Class ChangelogIterator

  • All Implemented Interfaces:
    java.util.Iterator<org.apache.spark.sql.Row>

    public class ChangelogIterator
    extends java.lang.Object
    implements java.util.Iterator<org.apache.spark.sql.Row>
    An iterator that transforms rows from changelog tables within a single Spark task. It assumes that rows are sorted by identifier columns and change type.

    It removes the carry-over rows. Carry-over rows are the result of a removal and insertion of the same row within an operation because of the copy-on-write mechanism. For example, given a file which contains row1 (id=1, data='a') and row2 (id=2, data='b'). A copy-on-write delete of row2 would require erasing this file and preserving row1 in a new file. The change-log table would report this as (id=1, data='a', op='DELETE') and (id=1, data='a', op='INSERT'), despite it not being an actual change to the table. The iterator finds the carry-over rows and removes them from the result.

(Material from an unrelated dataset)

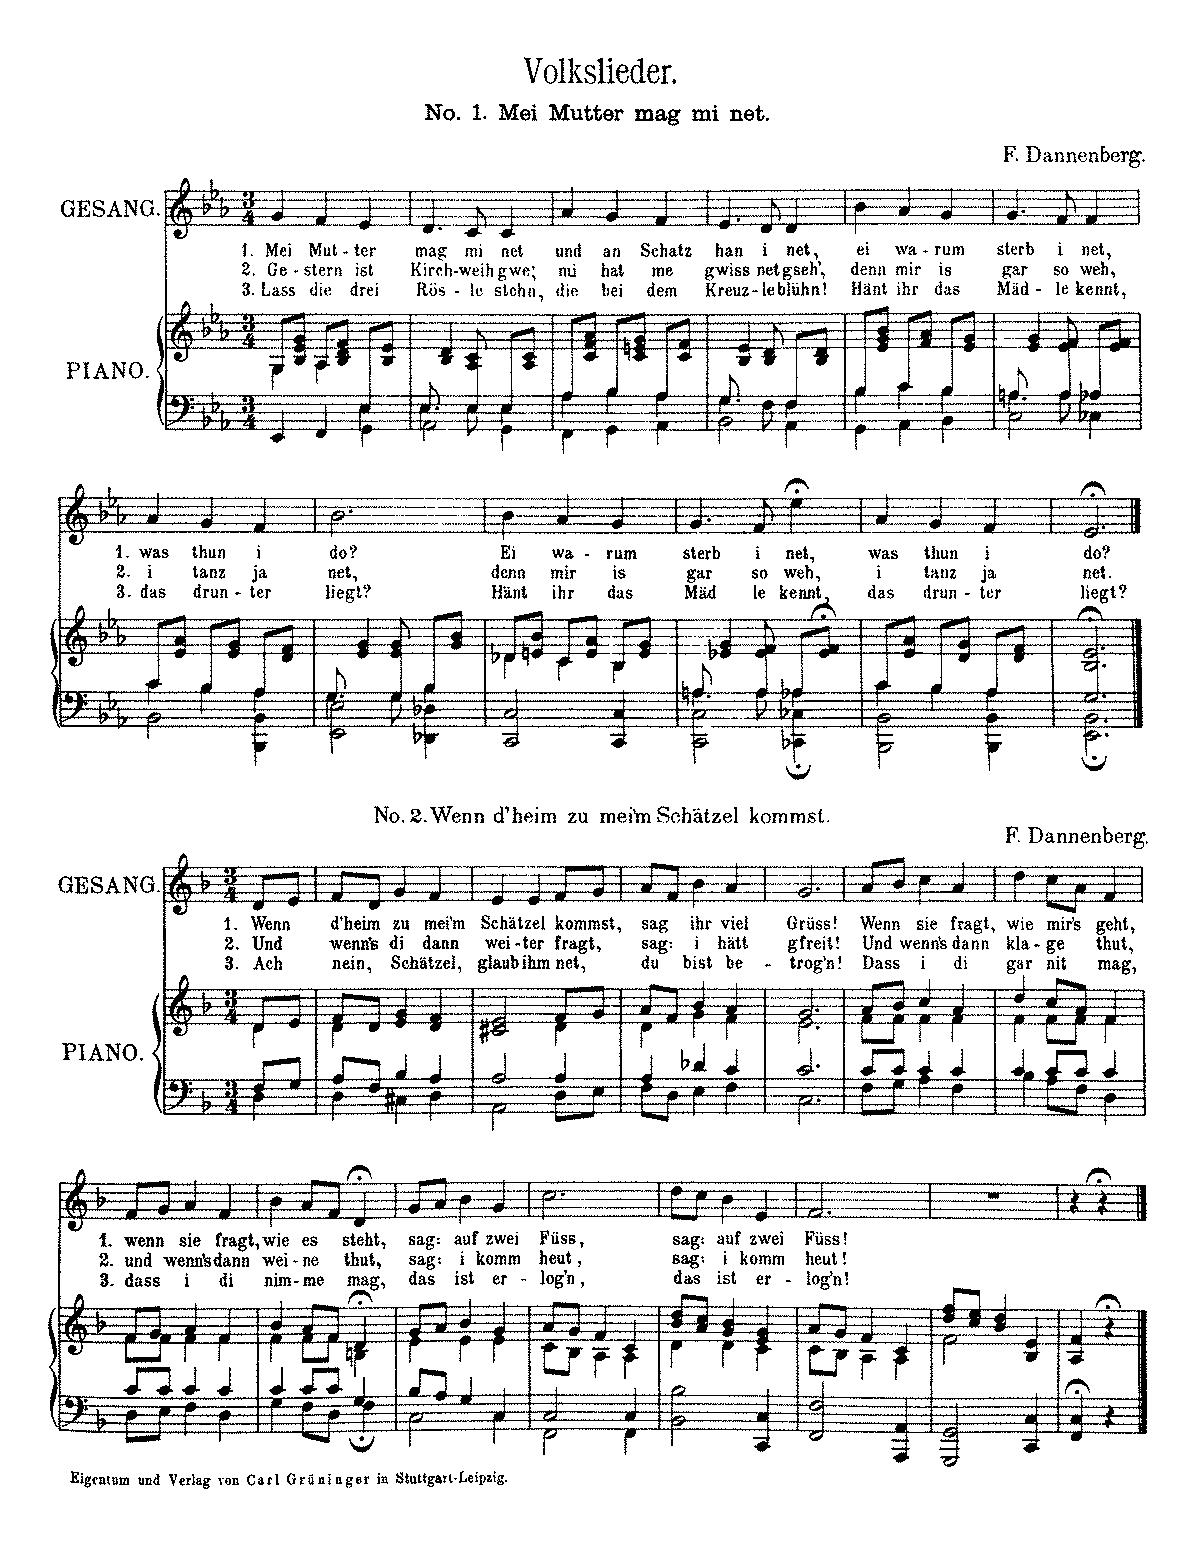 Das kostenlose Online-Liederbuch

    This iterator also finds delete/insert rows which represent an update, and converts them into update records. For example, these two rows

    • (id=1, data='a', op='DELETE')
    • (id=1, data='b', op='INSERT')

    will be marked as update-rows:

    • (id=1, data='a', op='UPDATE_BEFORE')
    • (id=1, data='b', op='UPDATE_AFTER')
    • Method Summary

      All Methods Static Methods Instance Methods Concrete Methods 
      Modifier and Type Method Description
      static java.util.Iterator<org.apache.spark.sql.Row> create​(java.util.Iterator<org.apache.spark.sql.Row> rowIterator, org.apache.spark.sql.types.StructType rowType, java.lang.String[] identifierFields)
      Creates an iterator for records of a changelog table.
      boolean hasNext()  
      org.apache.spark.sql.Row next()  
      • Methods inherited from class java.lang.Object

        clone, equals, finalize, getClass, hashCode, notify, notifyAll, toString, wait, wait, wait
      • Methods inherited from interface java.util.Iterator

        forEachRemaining, remove
    • Method Detail

      • create

        public static java.util.Iterator<org.apache.spark.sql.Row> create​(java.util.Iterator<org.apache.spark.sql.Row> rowIterator,
                                                                          org.apache.spark.sql.types.StructType rowType,
                                                                          java.lang.String[] identifierFields)
        Creates an iterator for records of a changelog table.
        Parameters:
        rowIterator - the iterator of rows from a changelog table
        rowType - the schema of the rows
        identifierFields - the names of the identifier columns, which determine if rows are the same
        Returns:
        a new ChangelogIterator instance concatenated with the null-removal iterator
      • hasNext

        public boolean hasNext()
        Specified by:
        hasNext in interface java.util.Iterator<org.apache.spark.sql.Row>
      • next

        public org.apache.spark.sql.Row next()
        Specified by:
        next in interface java.util.Iterator<org.apache.spark.sql.Row>